Она прекрасно водит машину. Такую машину - темно-асфальтовый, полный внутреннего достоинства, фольсваген (будь у неё не иномарка - её бы просто не поняли), грех плохо водить. Машина сама не позволит. И, почти автоматически, перестраиваясь из одного ряда в другой, выбираясь из очередной пробки, что бы попасть в следующую, Екатерина Петровна старалась ещё раз хорошенько всё продумать и перепроверить. Хотя бы так - в уме.
Это касалось сегодняшнего дня и её, не таких уж простых, планов. Но в голове упорно крутились воспоминания. Ведь и своим сегодняшним положением, и всем, что они владеют, по существу, обязана она Мосе.
Это тогда, в далёкие - кто их сейчас помнит - шестидесятые, "заморозили" облигации. Была такая практика - государство выпускало заём, и всё трудоспособное население, в добровольно-принудительном порядке, "подписывалось" на определённое количество облигаций с каждой зарплаты.
Розыгрыши тиражей проводились довольно регулярно. Говорили даже, что кто-то знает тех, кто выигрывал. Но, когда тогдашний лидер объявил, что "замораживает" проведение розыгрышей и выплат на целые 20! лет... Народ как будто потерял остатки разума. Облигациями обклеивали стены, их сжигали, выбрасывали на помойку.
Вот тогда-то Мося и сказал отцу - Пете, что они будут скупать эти облигации. Возник страшный скандал. С криками, оскорблениями и, даже, мордобоем. Петьке, как всегда, досталось больше. Как обычно, всё закончилось выпивкой. И на завтра - это был воскресный день, Петр с Моисеем отправились на рынок. Когда они скупили всё, что смогли, в своём пригороде, причём, больше в дискуссии об этом никто не вступал, они начали ездить по окрестностям и, наконец, отправились в Город.

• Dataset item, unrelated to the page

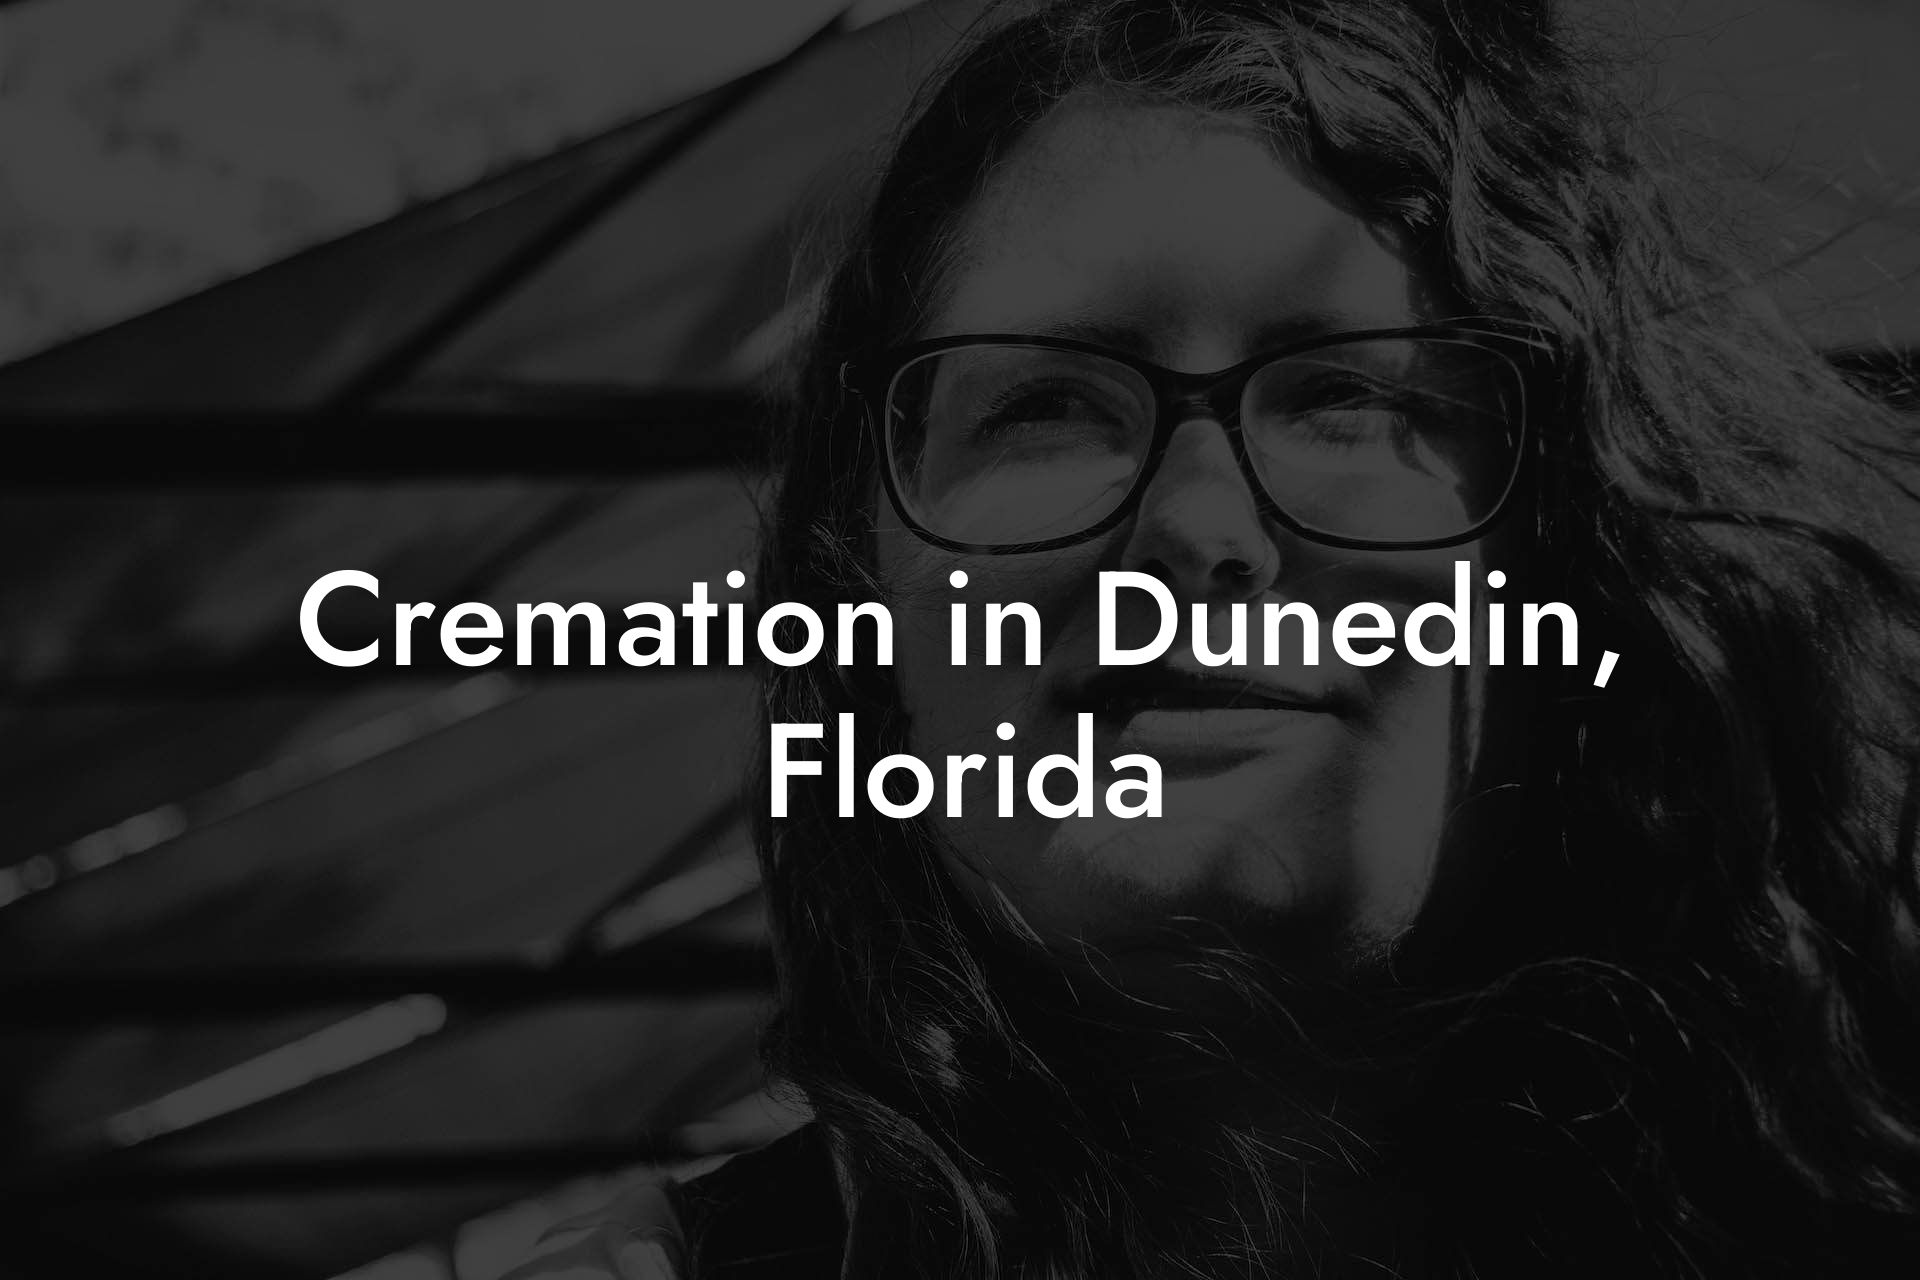 Cremation in Dunedin, Florida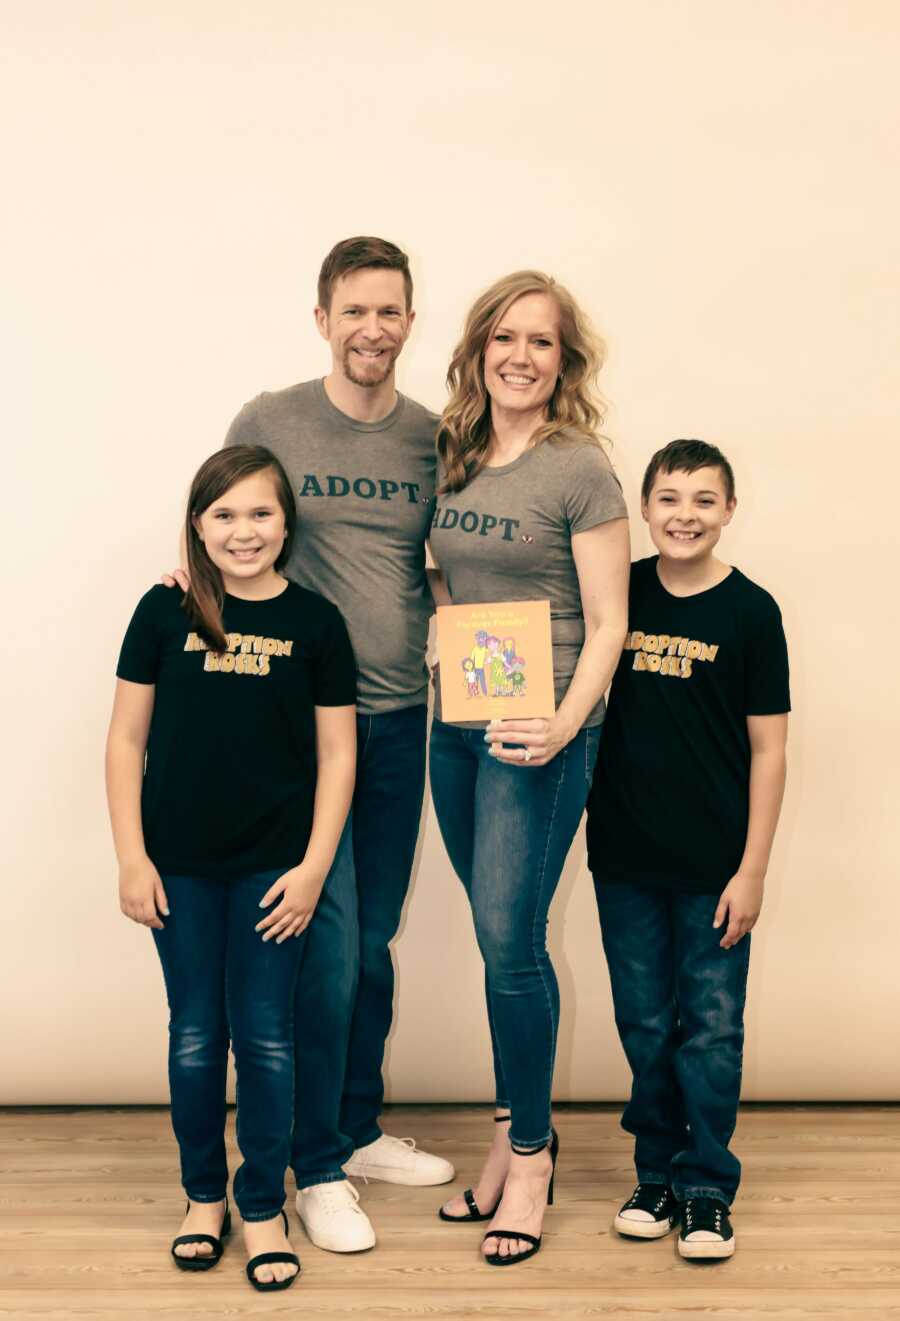 Adoptive family wearing matching adoption shirts

Тут уж с ними стала ездить, совершенно этим недовольная, Нюра. Но в её голубых рейтузах мужики прятали наторгованные облигации. Только на безграничной, почти слепой вере друг в друга и доверии смогли провернуть они эту операцию, в которую Мося вбил все свои деньги. (У Петьки с Нюркой денег в жизни не водилось).
И как же пригодились давно и хорошо забытые всеми облигации, когда через двадцать лет появилась возможность вернуть за них хоть какие-то деньги. Именно на эти деньги, тогда молодые ещё Катька с любимым мужем Колькой открыли свой первый кооператив.
Фольксваген, как хорошо выученный скакун, остановился в сантиметрах десяти от электронного шлагбаума. Екатерина Петровна передала ключи парковщику и, кивнув охраннику - она, в отличие от всяких-многих, всегда здоровалась-прощалась с этими парнями, вошла в фойе огромного административного здания. Ещё один кивок - теперь охране у турникетов, ведущих к лифтам - и... Екатерина Петровна на своём этаже.
Он её не только потому, что её офис занимает весь этаж. Ещё на этапе строительства Екатерина Петровна попросту купила его. Ну не может она от кого-то зависеть, кому-то "за так" платить. Вряд ли кто-то, даже из самых приближённых, знает или догадывается об этом.
А вот и самая приближённая - секретарша Виктория Сергеевна. Значит - всё в порядке. Можно начинать. Весь день, сквозь переговоры, согласования, и разборки Екатерина Петровна думала о том, как хочет, ох, как хочет всё это, наконец, бросить. " Но кто, кто будет вместо меня?" Не в первый раз Екатерина Петровна думает об этом. И не находит подходящей кандидатуры. Но в этот раз... Как только Зойка вернётся, они поговорят и... будь, что будет. Здесь всё налажено.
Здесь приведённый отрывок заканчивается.